- Film poster
- Directed by: Robert Jiras
- Written by: Robert Jiras David Lange Robert Cormier (Novel)
- Produced by: David Lange
- Starring: Robert MacNaughton Cynthia Nixon Robert Wagner
- Edited by: Nicholas C. Smith
- Music by: Jonathan Tunick
- Distributed by: Almi Pictures
- Release date: November 11, 1983;
- Running time: 100 minutes
- Country: United States
- Language: English

= I Am the Cheese (film) =

1983 film by Robert Jiras

I Am the Cheese is a 1983 American film adaptation of Robert Cormier's 1977 novel of the same name, about a young man's journey to find the truth behind his family. The film was directed by Robert Jiras and filmed in Vermont.

==Plot==
Fifteen-year-old Adam Farmer seeks to unearth the many secrets locked in his unconscious mind. Adam's journey through his mind is paralleled with a bike trip to Rutterburg, Vermont, with a package for his father. As he travels through several small towns, he starts to remember past events from his life.

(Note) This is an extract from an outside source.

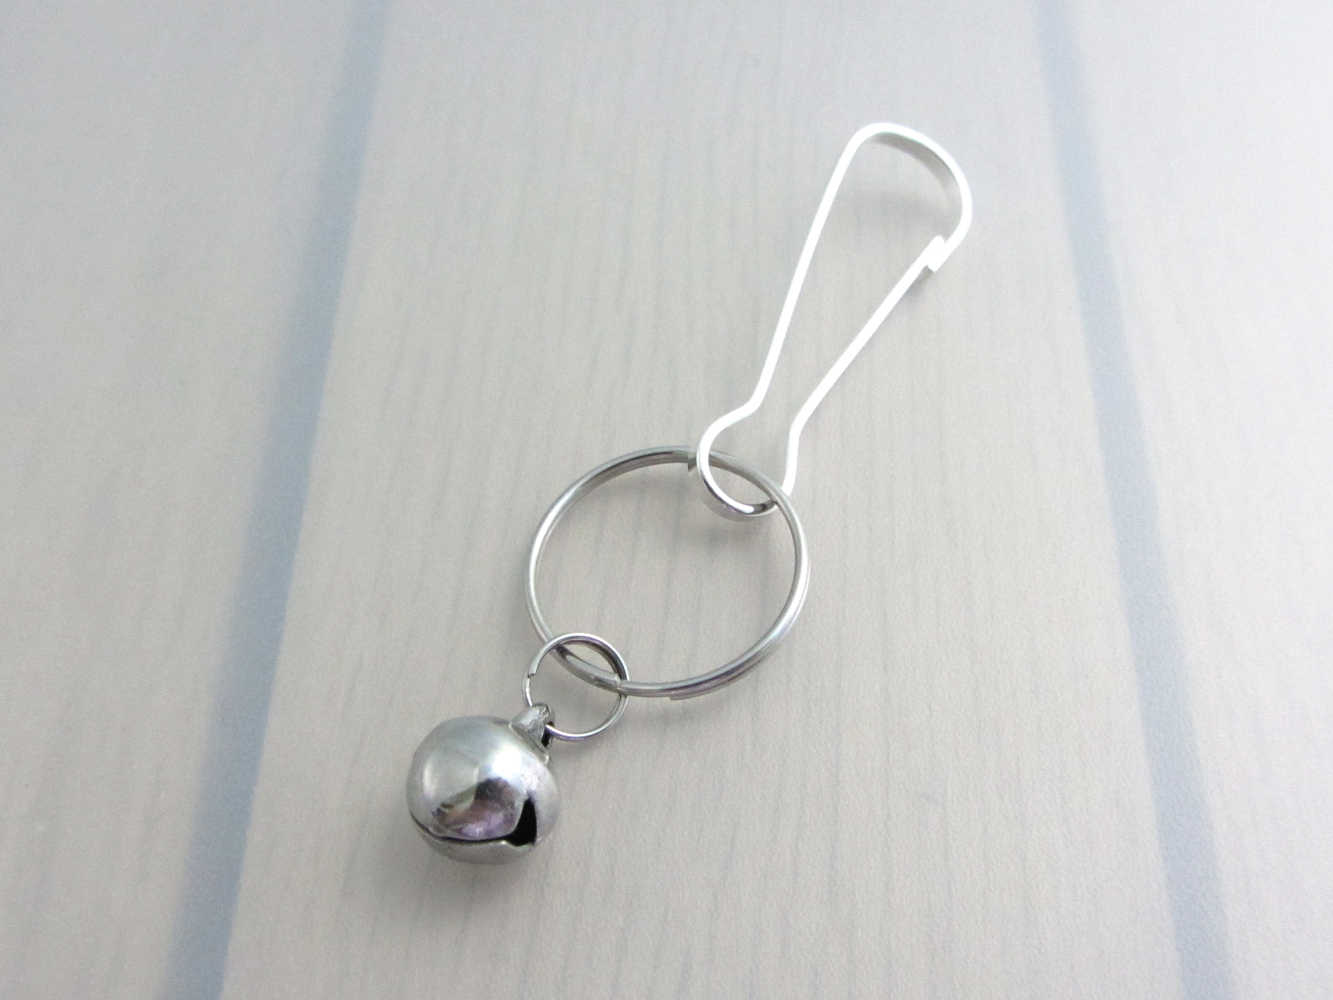 stainless steel bell charm on a bag charm with snap clip hook

Adam's trip is prompted by a call from his girlfriend Amy, who says her father met a reporter from Adam's alleged hometown of Rawlings, Pennsylvania, and the reporter had never heard of anyone named Farmer living there. Suspicious, Adam begins spying on his parents and finds two birth certificates with his name on them, but with different birthdates - February 14 (Valentine's Day) and July 14 (Bastille Day). Adam confronts his father, who admits some shocking truths.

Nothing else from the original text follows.